Hi, Ian. It's true that I haven't worked on Montezuma in quite a
while (about a year and a half, it looks like), and I'm not currently
planning on doing any more development on it. Anyone who is
interested in using it or working on it is encouraged to ask me for
commit access to the repository.
> A couple of questions:
I'll try to answer as well as I remember.
> - I wasn't able to find or see the effect of grouping queries
> "field: (+term1 -term2)" so I presume they are not supported?

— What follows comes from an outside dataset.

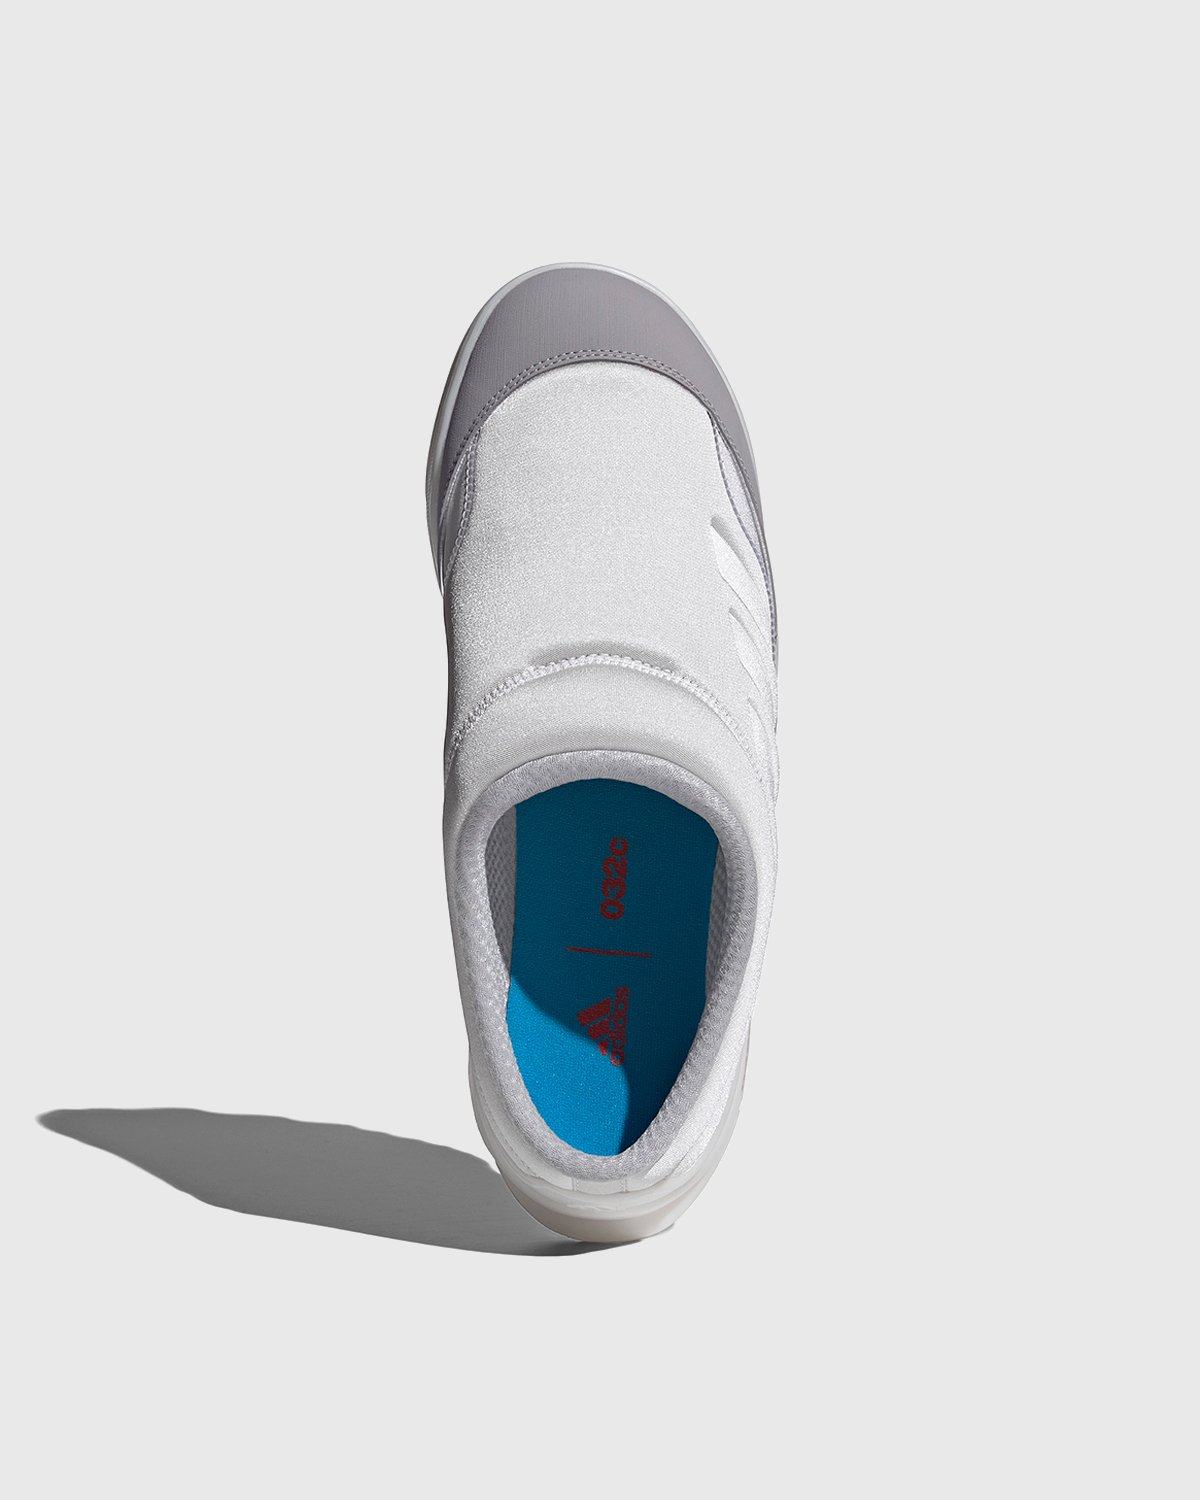 Adidas x 032c - GSG Mule Greone - Footwear - White - Image 4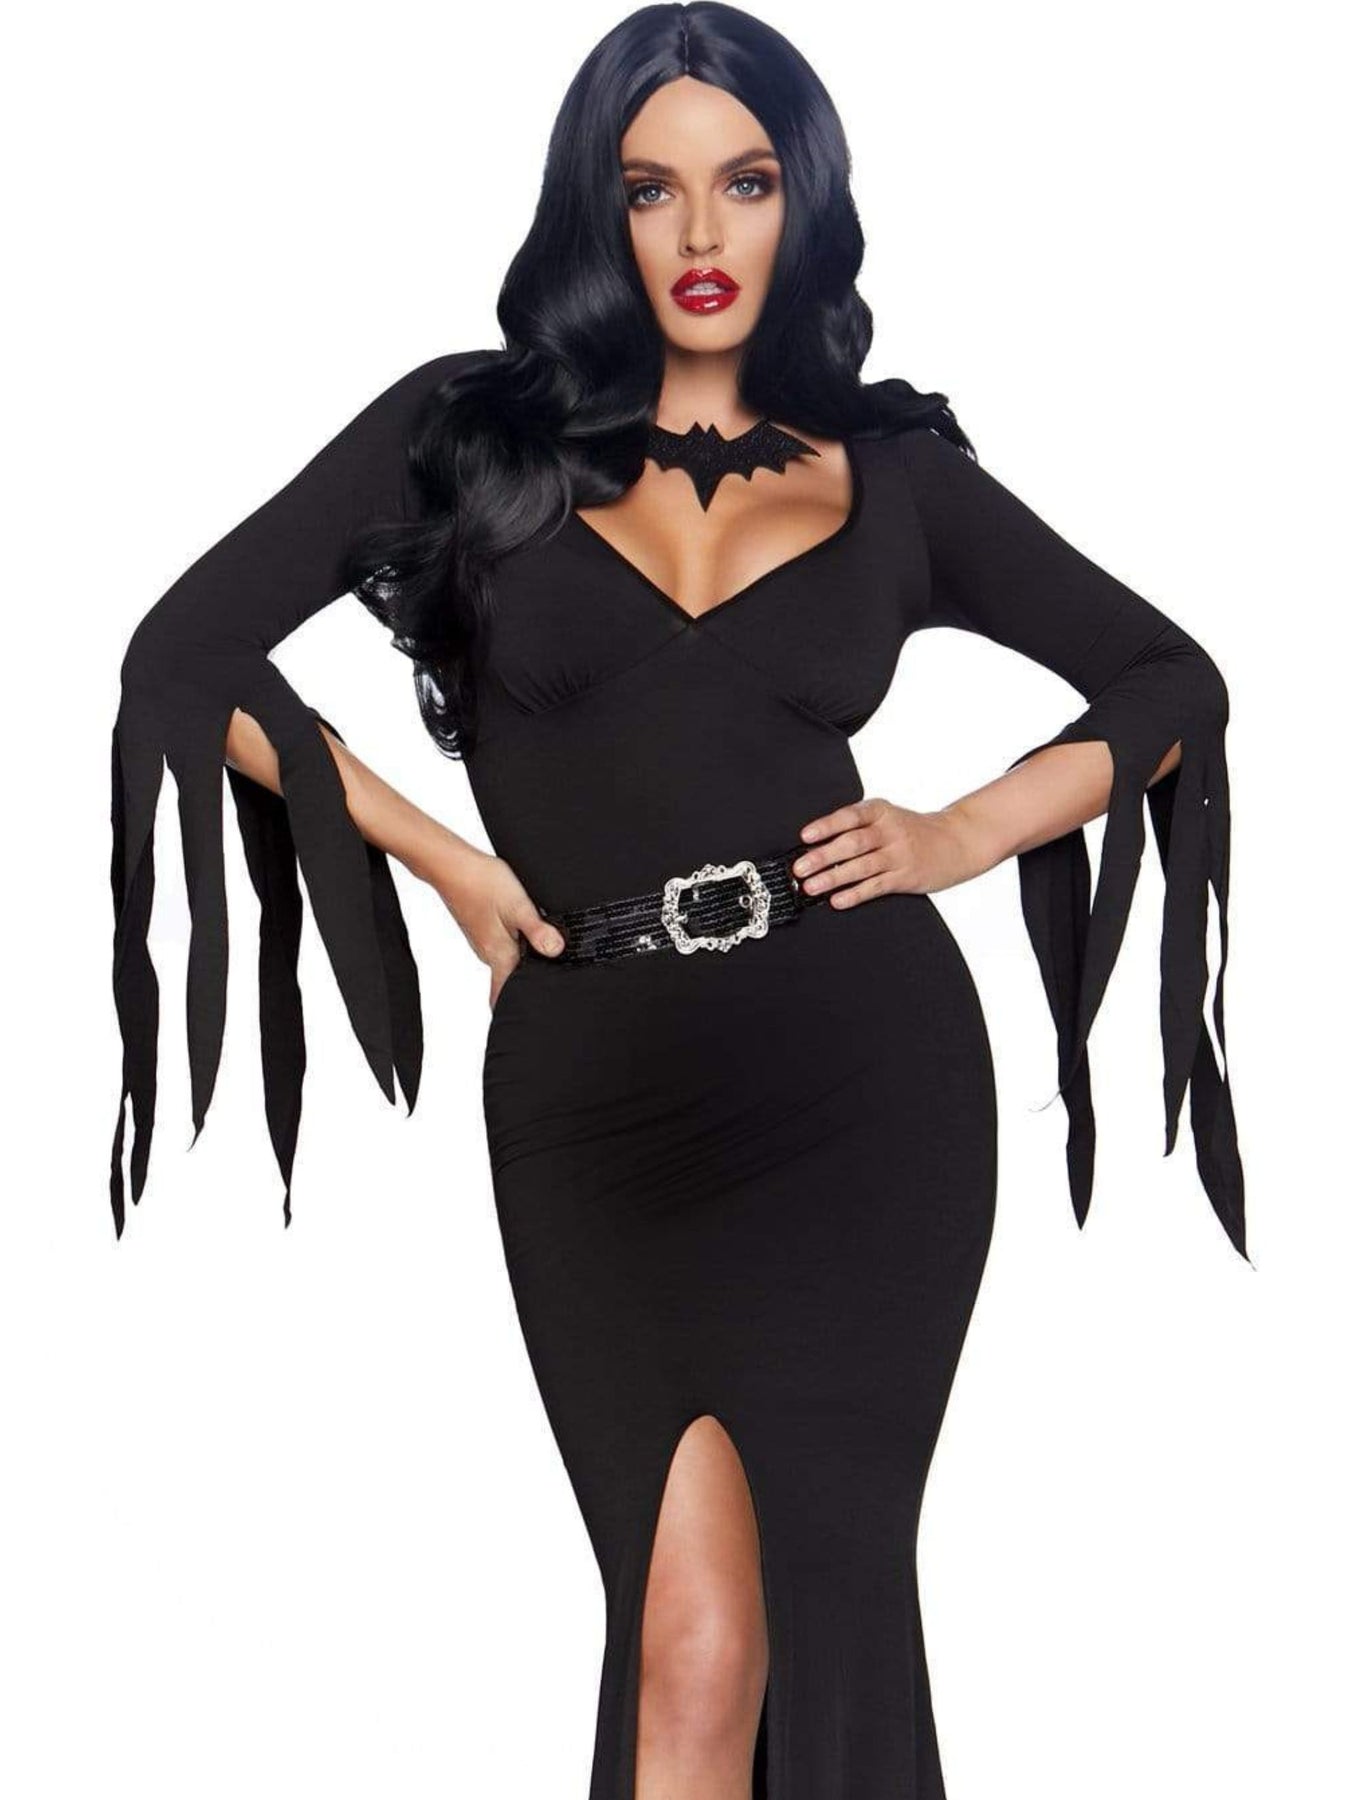 Immoral Mistress Elvira Gothic Halloween Costume|Shop Fortune Costumes

I think that's correct, yes.
> - How do we handle special characters? Do we escape when we index
> and when we query, only when we query, etc?
> I add the alist (("title" . "My lisp function test-it-now"))
> I query via "test\\-it\\-now"?
> Currently I cheat and use "test?it?now"
This is handled by whatever analyzer is being used. The default is
STANDARD-ANALYZER, which uses STANDARD-TOKENIZER, which uses a crazy
regex I stole from Ferret to do the tokenization.
CL-USER> (defparameter *a* (make-instance 'montezuma:standard-
analyzer))
*A*
CL-USER> (montezuma:all-tokens *a* nil "My lisp function test-it-now")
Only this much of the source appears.